[Start of Attachment]

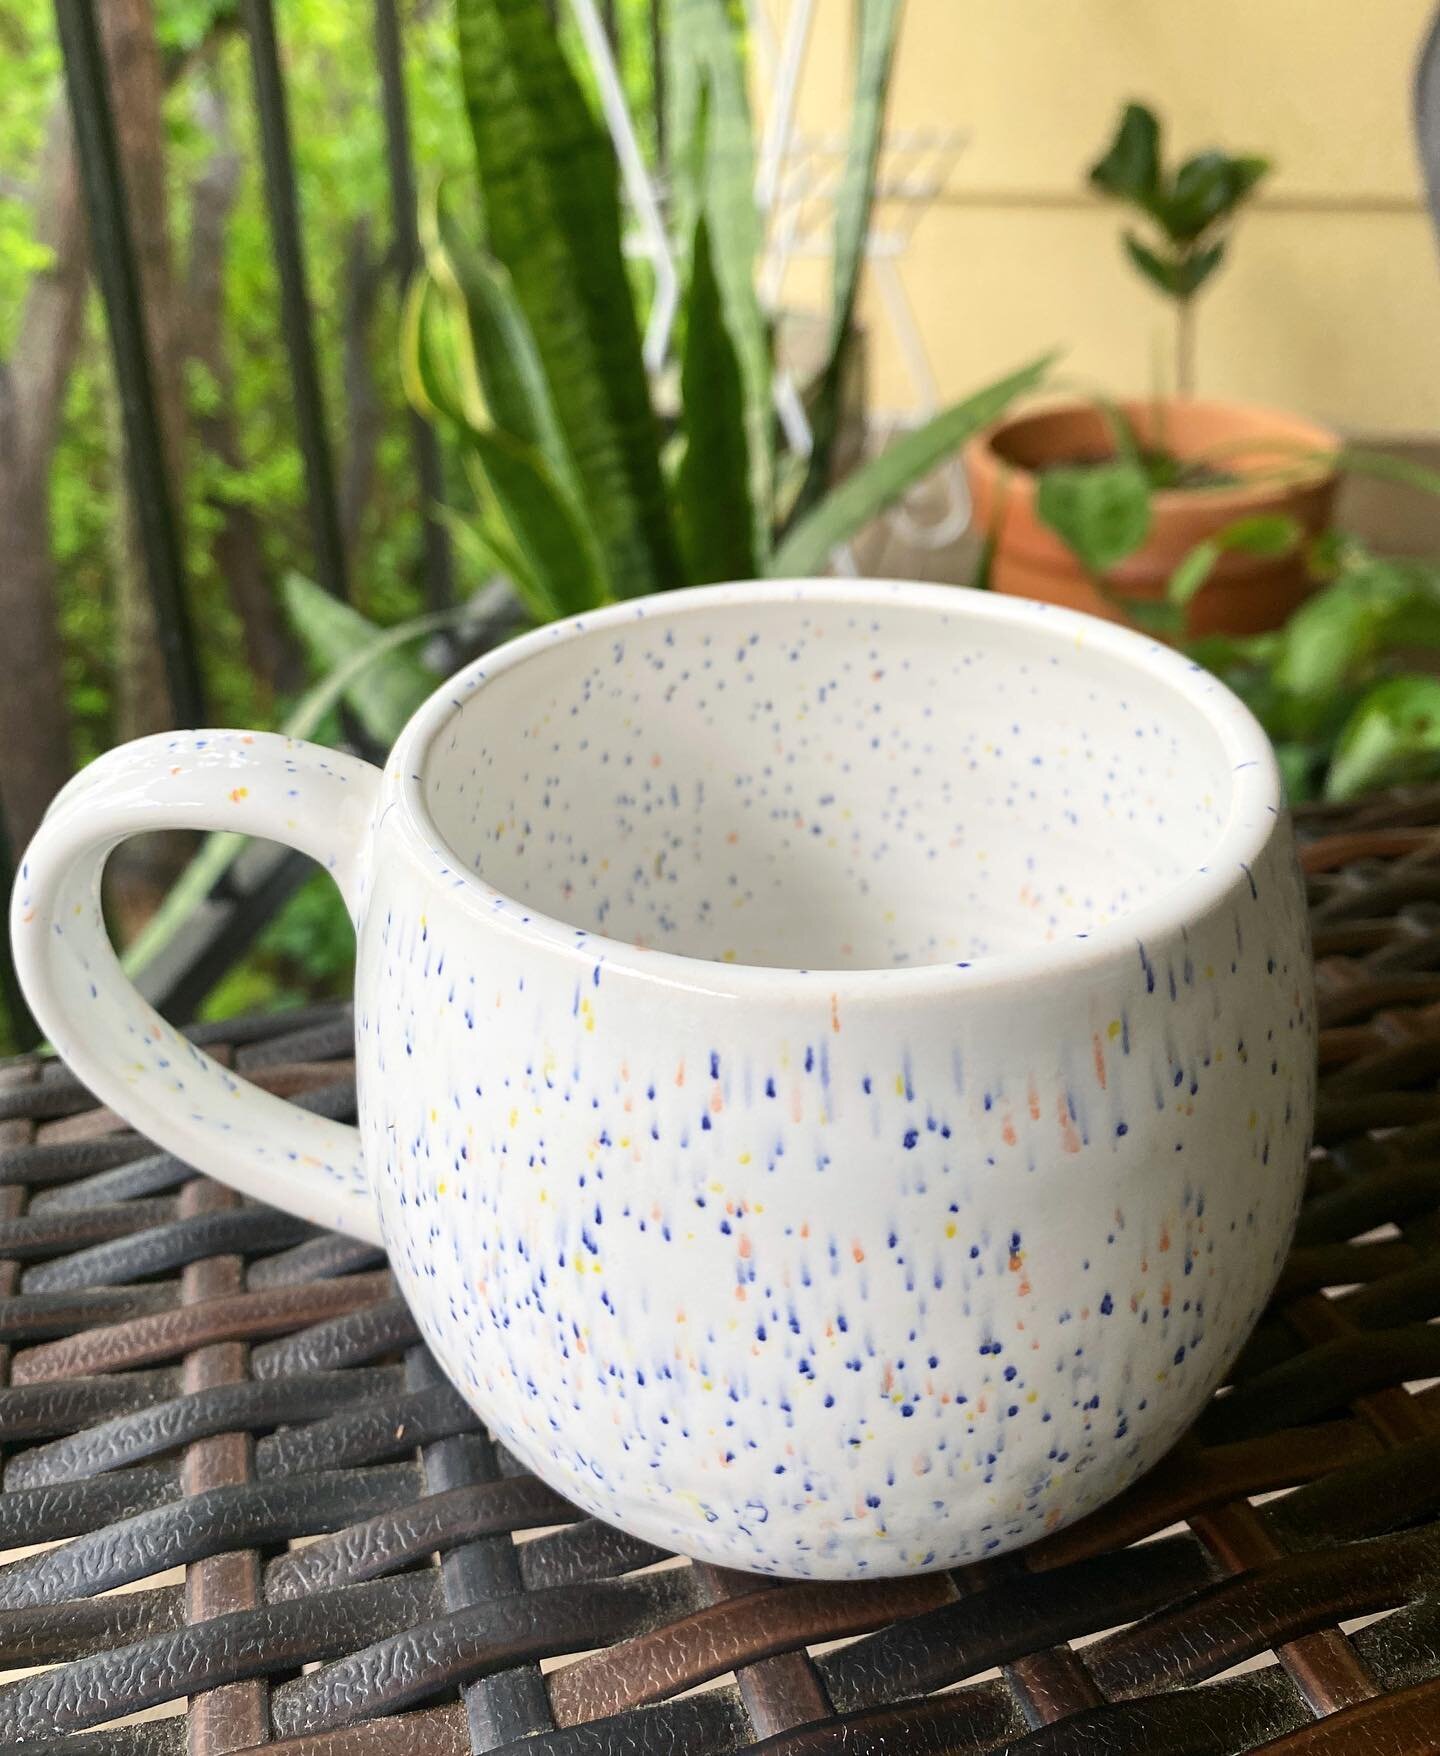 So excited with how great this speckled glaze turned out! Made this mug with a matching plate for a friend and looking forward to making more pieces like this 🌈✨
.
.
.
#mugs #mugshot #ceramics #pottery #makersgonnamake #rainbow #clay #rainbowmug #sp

[End of Attachment]

▶ [WORK ITEM] Would you provide an exact, picture-free copy of the data above?

▶ [SOLUTION]
 So excited with how great this speckled glaze turned out! Made this mug with a matching plate for a friend and looking forward to making more pieces like this 🌈✨
.
.
.
#mugs #mugshot #ceramics #pottery #makersgonnamake #rainbow #clay #rainbowmug #sp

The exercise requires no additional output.